Market cap, short for market capitalization, is the total value of a company’s shares of stock. Essentially, it reflects the market’s perception of a company’s worth and is used to classify companies into categories like large-cap, mid-cap, and small-cap.
Market cap helps investors understand the size and stability of a company, with larger companies often seen as more stable, while smaller ones may have higher growth potential but come with more risk.
The investing community often uses market capitalization value to rank companies and compare their relative sizes in a particular industry or sector.
How to Calculate Market Cap
To calculate market cap (market capitalization), you multiply the current share price of a company’s stock by the total number of outstanding shares.

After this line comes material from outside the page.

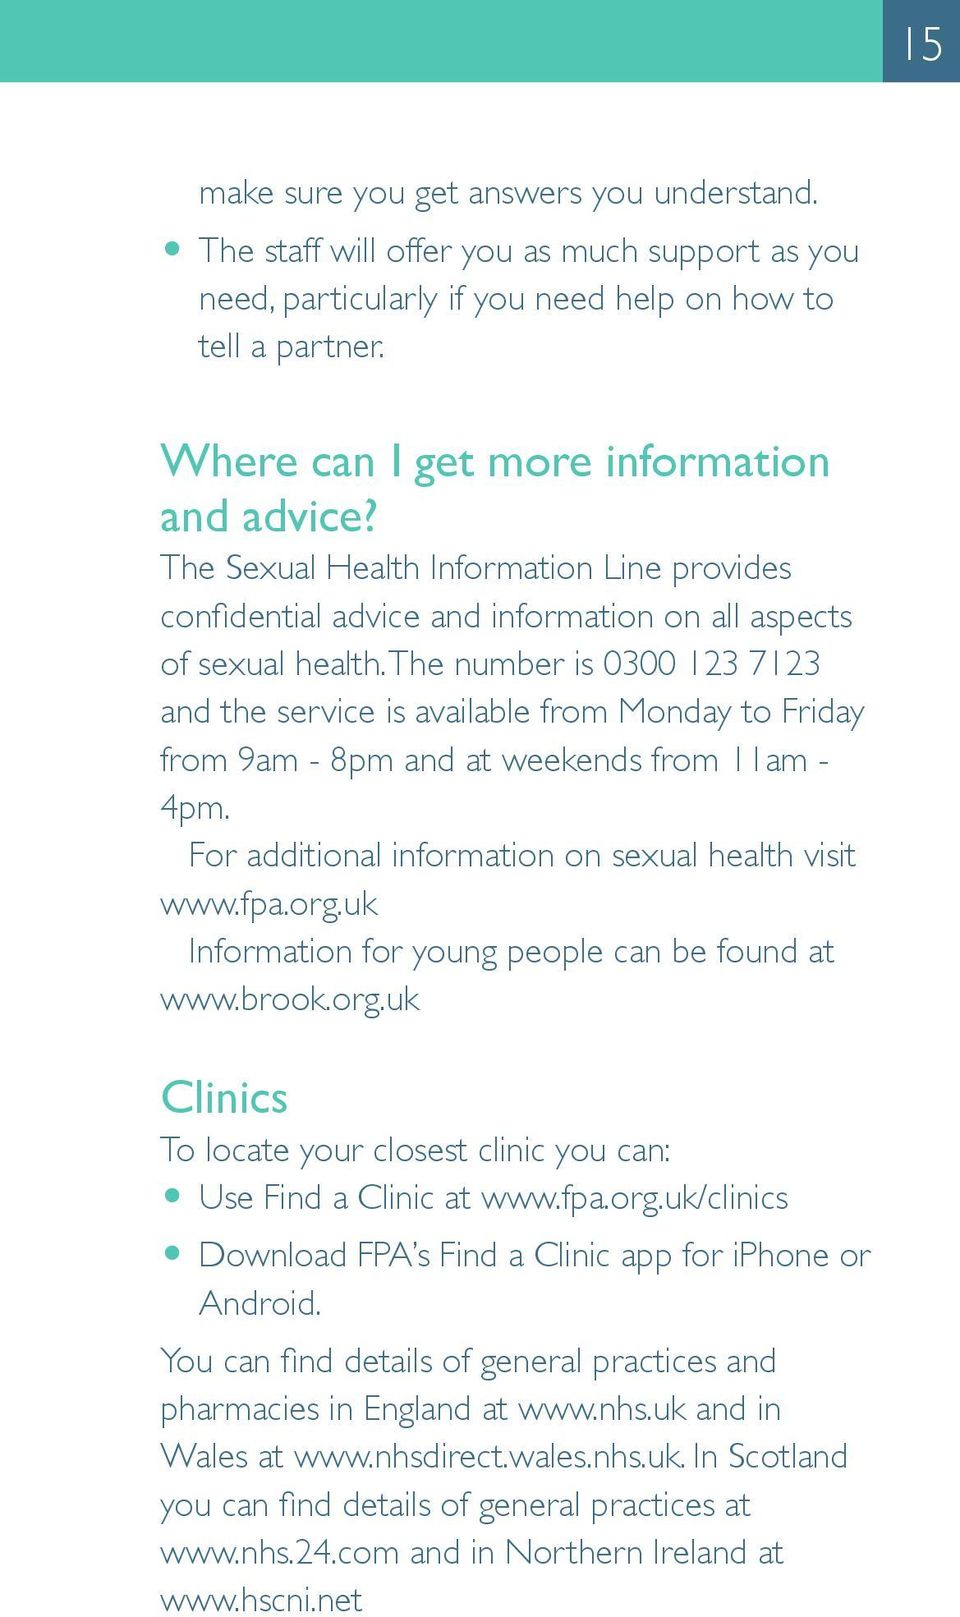 The number is 0300 123 7123 and the service is available from Monday to Friday from 9am - 8pm and at weekends from 11am - 4pm. For additional information on sexual health visit www.fpa.org.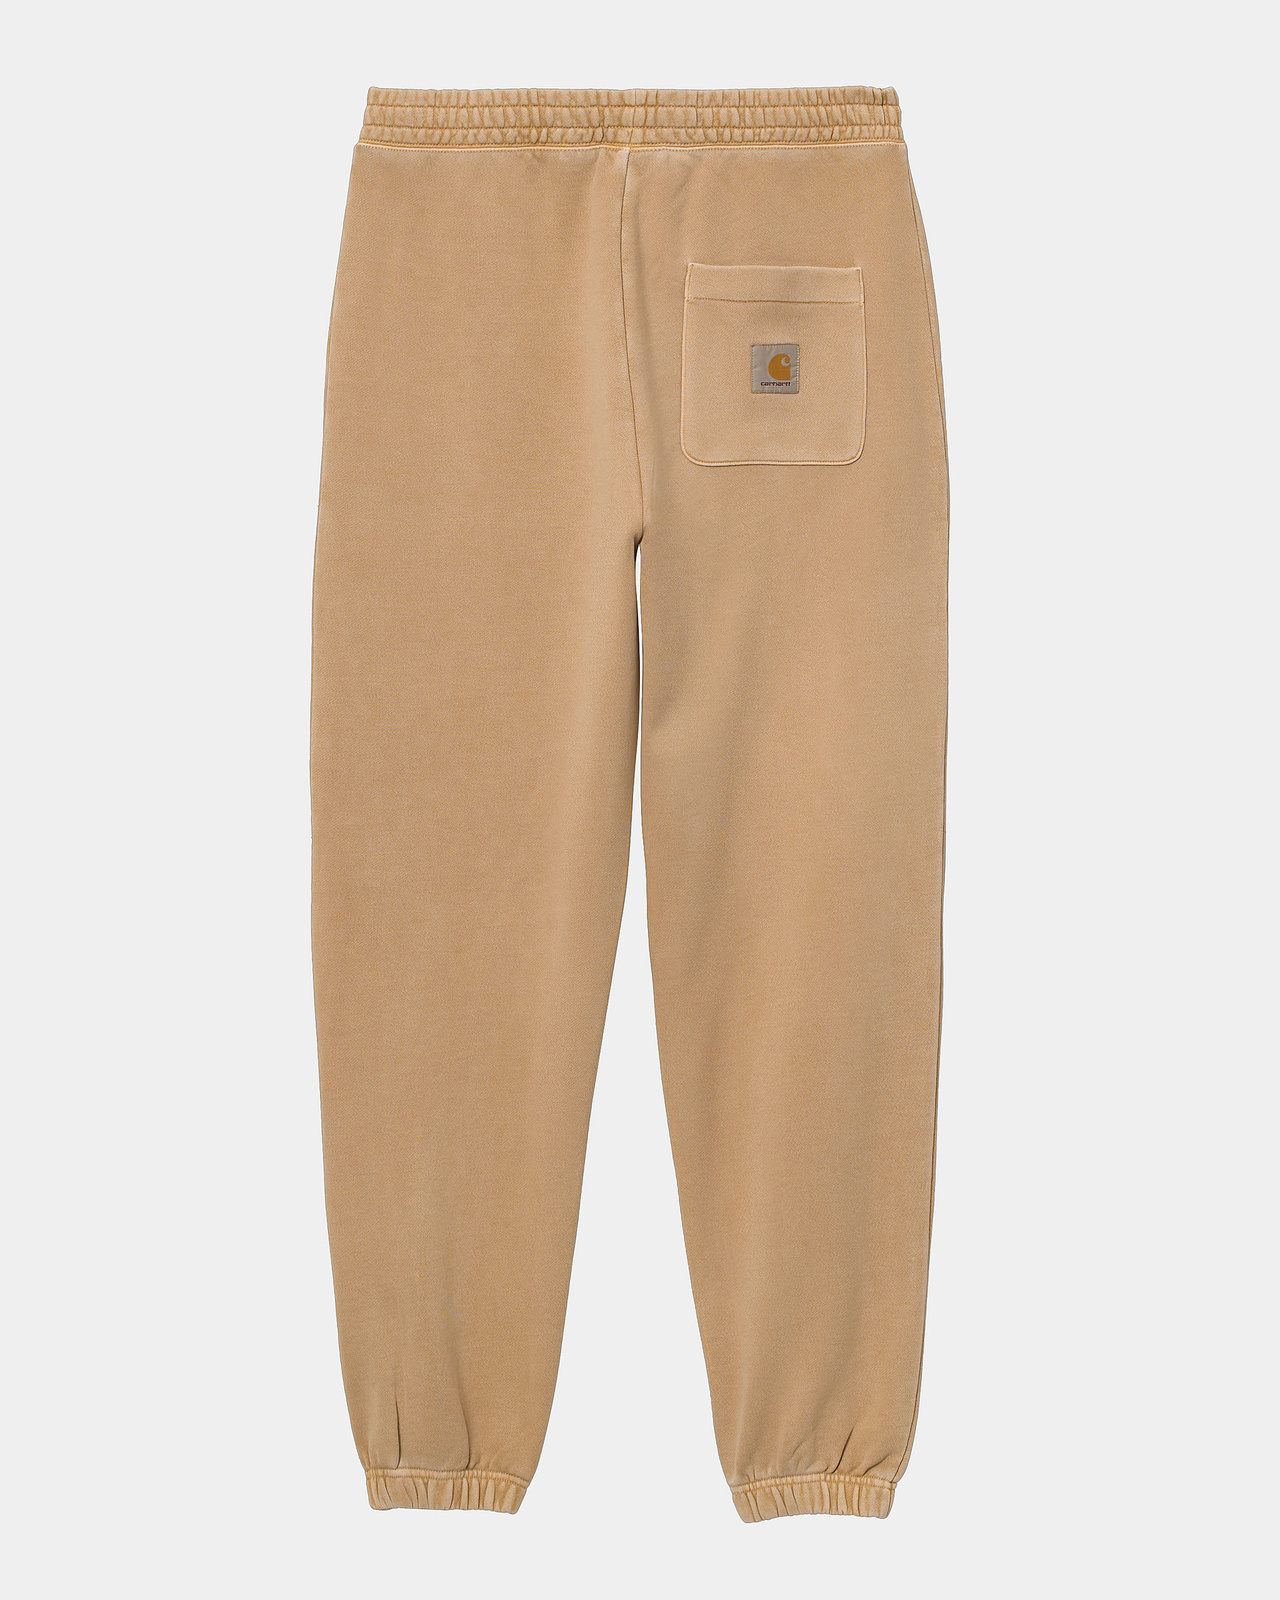 Nelson Sweat Pant - Dusty H Brown - S

Market Cap = Current Share Price * Total Number of Shares Outstanding
Here’s the process in simple steps:
Find the current share price: This is the price of one share of the company’s stock, which can be found on stock market platforms or financial websites.
Determine the total number of outstanding shares: This is the number of shares the company has issued and is held by all shareholders, including the public and institutional investors.
Multiply them together: Multiply the share price by the total number of shares.
For example, if a company has 1 million outstanding shares and each is priced at $50, its market cap is $50 million.
Market Capitalization Categories
- Large Cap – Companies with a market cap above $10 billion(>Rs.8000 Cr.) are classified as large-cap stocks. Some examples would be Microsoft, IBM, Apple, etc.
- Mid-Cap – Companies whose market cap ranges from $1 billion to $10 billion(Rs 800-8000 Cr.) Mid-cap stocks, in general, are more volatile than large-cap stocks and consist more of growth-oriented stocks.
- Small Cap – Companies with a market capitalization between $250 million to $1 billion(Rs. 25-800 Cr.) They are high-risk and high-return stocks, as the companies are in the growth stage. A large number of companies belong to the small-cap category.
- Micro Cap – They are the penny stocks that are relatively young. The micro-cap companies’ potential for growth and decline are of a similar nature. They are not considered to be the safest investment. Hence, they require lots of research before investment.
What Does a High Market Cap Tell You?
A high market cap signifies that the company has a larger presence in the market. Larger companies may have less growth potential than start-up firms, but established companies may be able to secure financing cheaper, have a more consistent stream of revenue, and capitalize on brand recognition.
Market Cap Variant: Free-float Market Cap
The number of outstanding shares which are meant for trading by the public is called float. Free-float method of evaluating market capitalization uses this float, though it excludes the shares that are owned by company executives.
The major difference between the conventional Market Cap and free-float method of calculation is that the former takes the total value of stocks while the latter excludes locked-in stocks.
Key Takeaways
The key takeawys about market capitalization (market cap) is that it provides a straightforward way to assess the size and value of a company in the stock market. It serves as a benchmark for comparing companies within and across industries. Market cap is also a key factor in investment decisions, helping to classify companies as large-cap, mid-cap, or small-cap, each with its own risk and growth potential.
However, market cap alone doesn’t fully reflect a company’s financial health or prospects. It doesn’t account for factors like debt, earnings, or assets, so investors should consider other metrics alongside market cap when evaluating investments.